Now we'd like to introduce roughly one way to manufacture a aspheric lens.

● Firstly, use aspherical milling equipment to grind the aspherical surface. The circular grinding wheel is installed on the above axis and rotates at high speed. The workpiece is installed on the below axis and rotates slowly at the same time. The feeding track of this axis is controlled by the computer, grinding wheel is milled on the surface of workpiece to produce outline of aspheric lens.

● Then install the milled workpiece together with the base on the polishing workpiece shaft, and polish the surface of aspheric lens by the elastic polishing mould. After polishing, to measure the surface error by Taylor Hobson contour apparatus, and to read the error curve and calculate the opposite compensation path through our design software. Then to install the workpiece again on the milling equipment and grind it according to the compensation path. At this time, there has a certian surface error on the aspherical lens, after polishing and grinding. The surface error curve is exactly opposite to the curve talked above, which surface is polished. 

● For the third, the polished aspheric lens need to be polished again on the machine, all the setting of polishing parameters are completely the same with last time. Since the current surface error is complementary to the surface error after last polishing, the error after polishing gets certain compensation. However, the change of surface shape will also affect the polishing result, so the polished surface is just close to the designed surface accuracy, but there is still a certain amount of residual error.

● Finally, in order to remove the residual error after polishing and further improve the surface precision, it is necessary to use small polishing tools to correct and reach final requirement. Because the surface has been very smooth at this time, it's just removed slightly, sothe millstone can be ignored during the polishing process, which has little influence on the polishing precision, and can also greatly shorten the polishing time.

    Aspheric lenses allow optical designers to correct aberrations using fewer elements than conventional spherical optics because the former gives them more aberration correction than multiple surfaces of the latter. For example, in zoom lenses where ten or more lens elements are typically used, two aspheric lenses can be substituted for a handful of spherical lenses in order to achieve similar or better optical results, while reducing system size and potentially reducing the overall cost of production. So it's the better choices for your application sometimes.
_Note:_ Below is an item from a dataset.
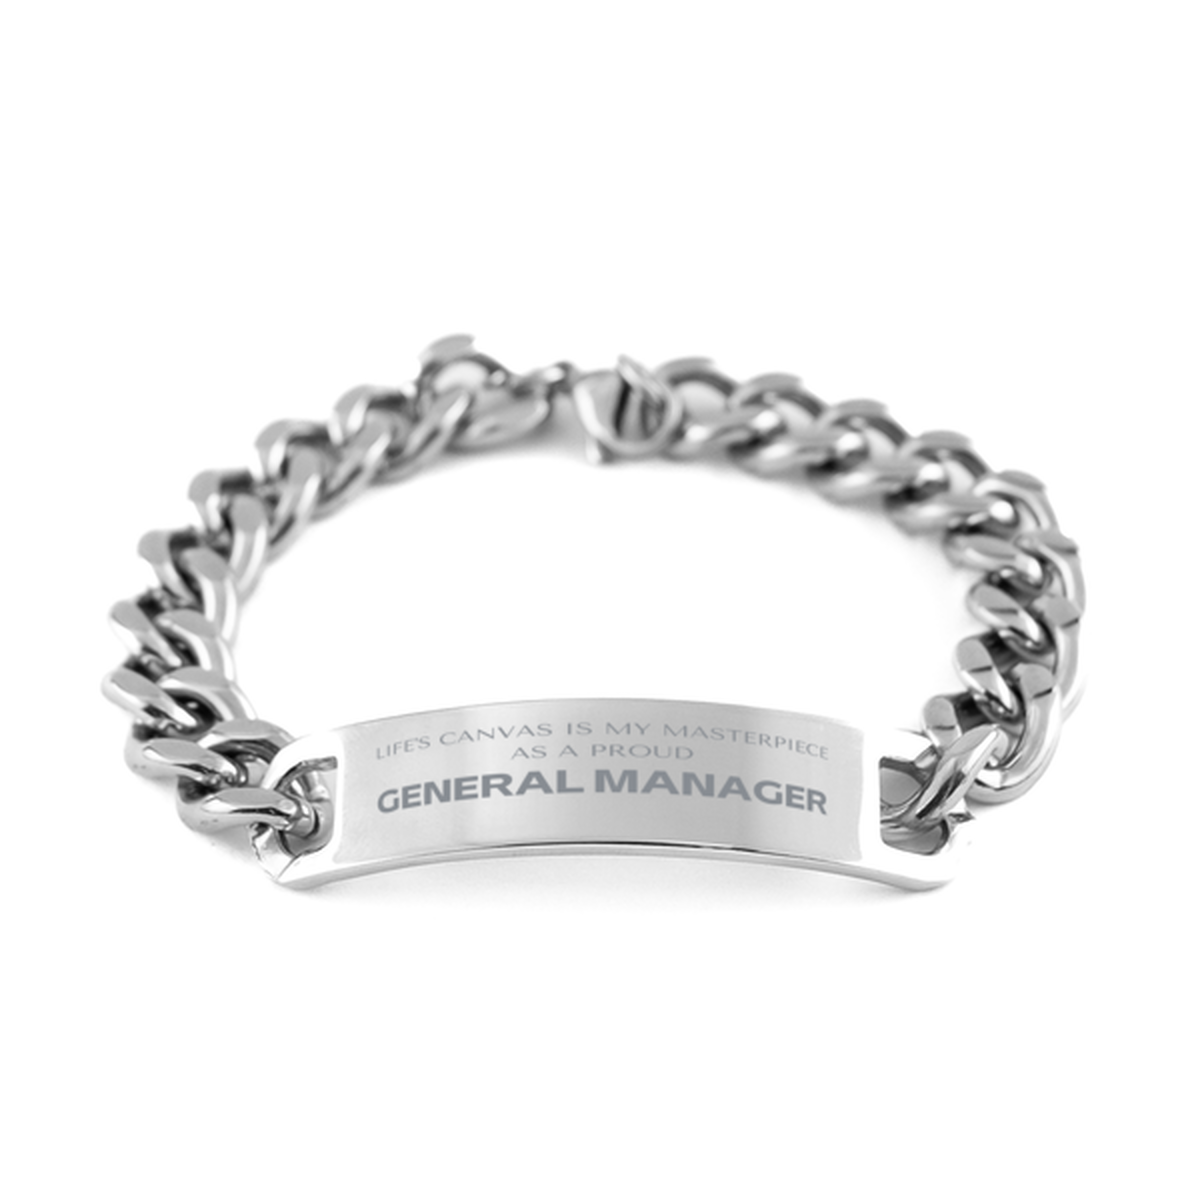 Proud General Manager Gifts, Life's canvas is my masterpiece, Epic Birthday Christmas Unique Cuban Chain Stainless Steel Bracelet For General Manager, Coworkers, Men, Women, Friends
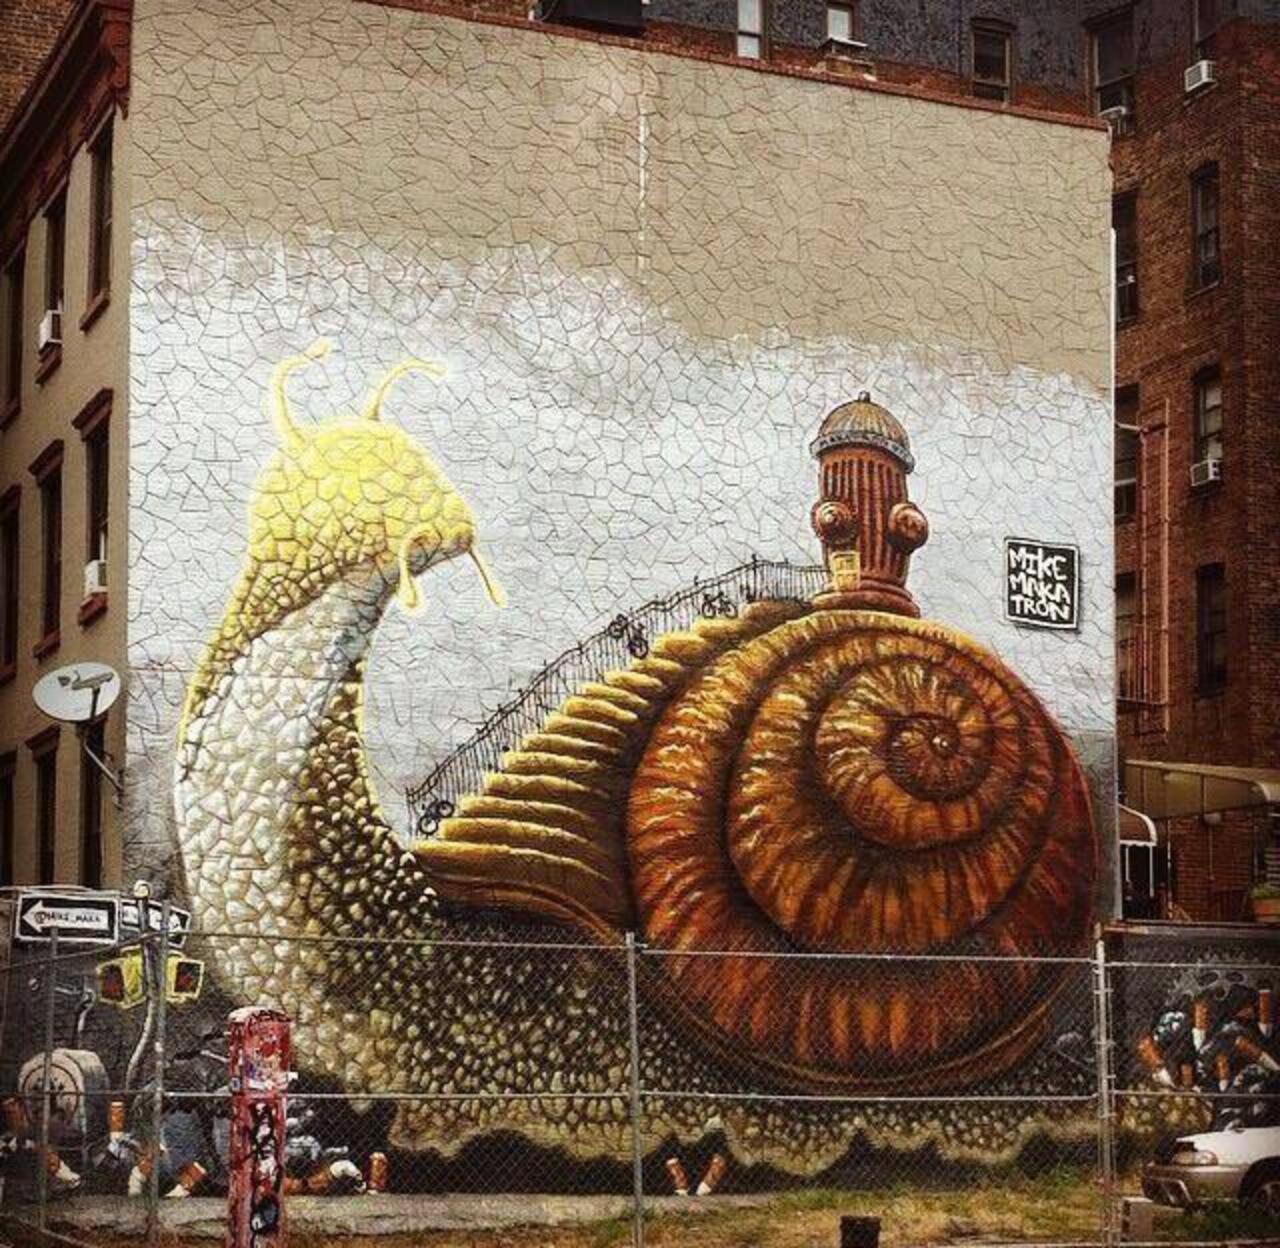 RT @designopinion: Artist Mike Makatron fantastic large scale Street Art located in Brooklyn, NY #art #graffiti #mural #streetart http://t.co/vpEqFw8O6h

     Besides, there have many different processing technology for aspheric lens,Precision Polishing,Diamond Turning,Molded Polymer Aspheres, Injection Molding. To choose suitable processing technology will be cost-effective and high price performance. Hopefully our introduction will give you more choices.

Type Benefit
Precision Glass Molded Ideal for high volume production requirements because rapid production of many lenses allows for amortization of large up-front tooling charges.
Precision Polished Ideal for prototypes or low to mid-volume requirements because of short lead times and low tooling costs. Also ideal for the highest performance requirements.
Polymer Molded An ideal alternative to Glass Molding for mild aspheric departures or mid-volume production.
Injection Molded Ideal for volume production as a weight-sensitive, low cost alternative to glass aspheric lenses.